回京已經半個月了,朱樳徹底進入了養老狀態。
每天睡到日上三竿,起來吃早飯,然後要麼在府裡陪觀音奴,要麼進宮陪馬皇後,偶爾帶著大丫和朱雄英滿城瞎逛。
至於朝政...
打仗...
跟他冇關係。
這天早上,朱樳正躺在竹椅裡啃西瓜,觀音奴在旁邊繡花,她現在的女紅已經像模像樣了,至少繡的鴛鴦不再像受傷的鴨子。
「夫君,今日還進宮嗎?」觀音奴問。
「去,娘說今天做酸梅湯。」朱樳吐出一粒西瓜子,精準地吐進三步外的痰盂裡。
話音剛落,府門外傳來馬蹄聲。
緊接著是青梅的通報聲道:「殿下,太子殿下派人來請。
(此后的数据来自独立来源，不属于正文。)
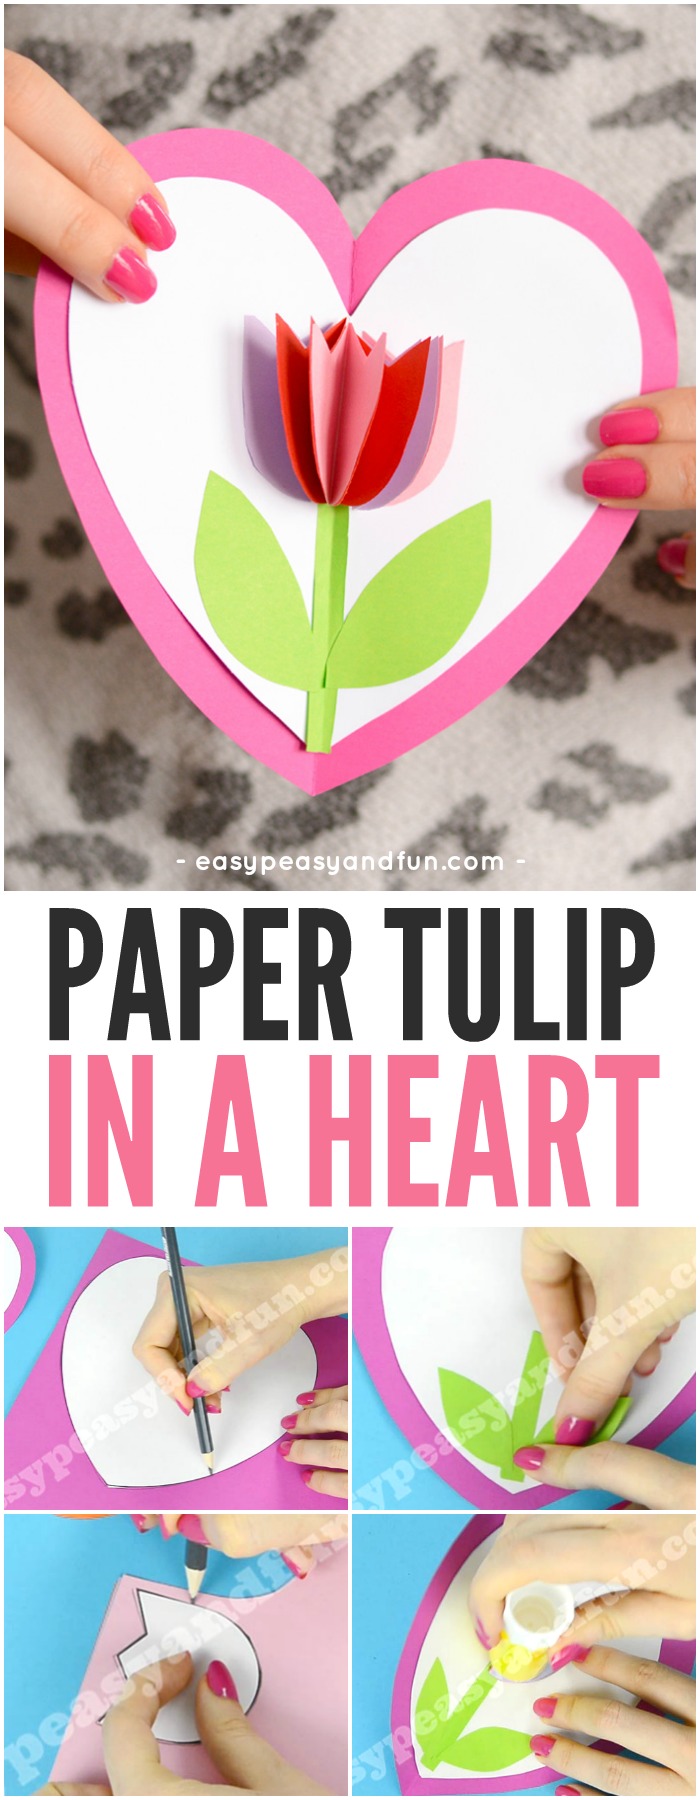 Tulip in a Heart Card Valentines Day Craft for Kids #mothersday #papercrafts #heartcrafts

」
朱樳懶洋洋起身說道:「大哥找我有事?」
一個東宮太監小跑進來,躬身道:「武王殿下,太子請您去東宮一趟,說…有事相商。」
「啥事啊?」朱樳撓頭問道。
「奴婢不知,太子隻說讓您務必去。」太監賠笑道。
朱樳哦了一聲,對觀音奴說道:「媳婦,我去趟大哥那兒,中午要是回不來,你自己吃飯。」
「好,跟大哥好好說話,別又睡著了。」觀音奴點頭,又補充道。
上次朱標找朱樳議事,朱樳聽著聽著打起了呼嚕。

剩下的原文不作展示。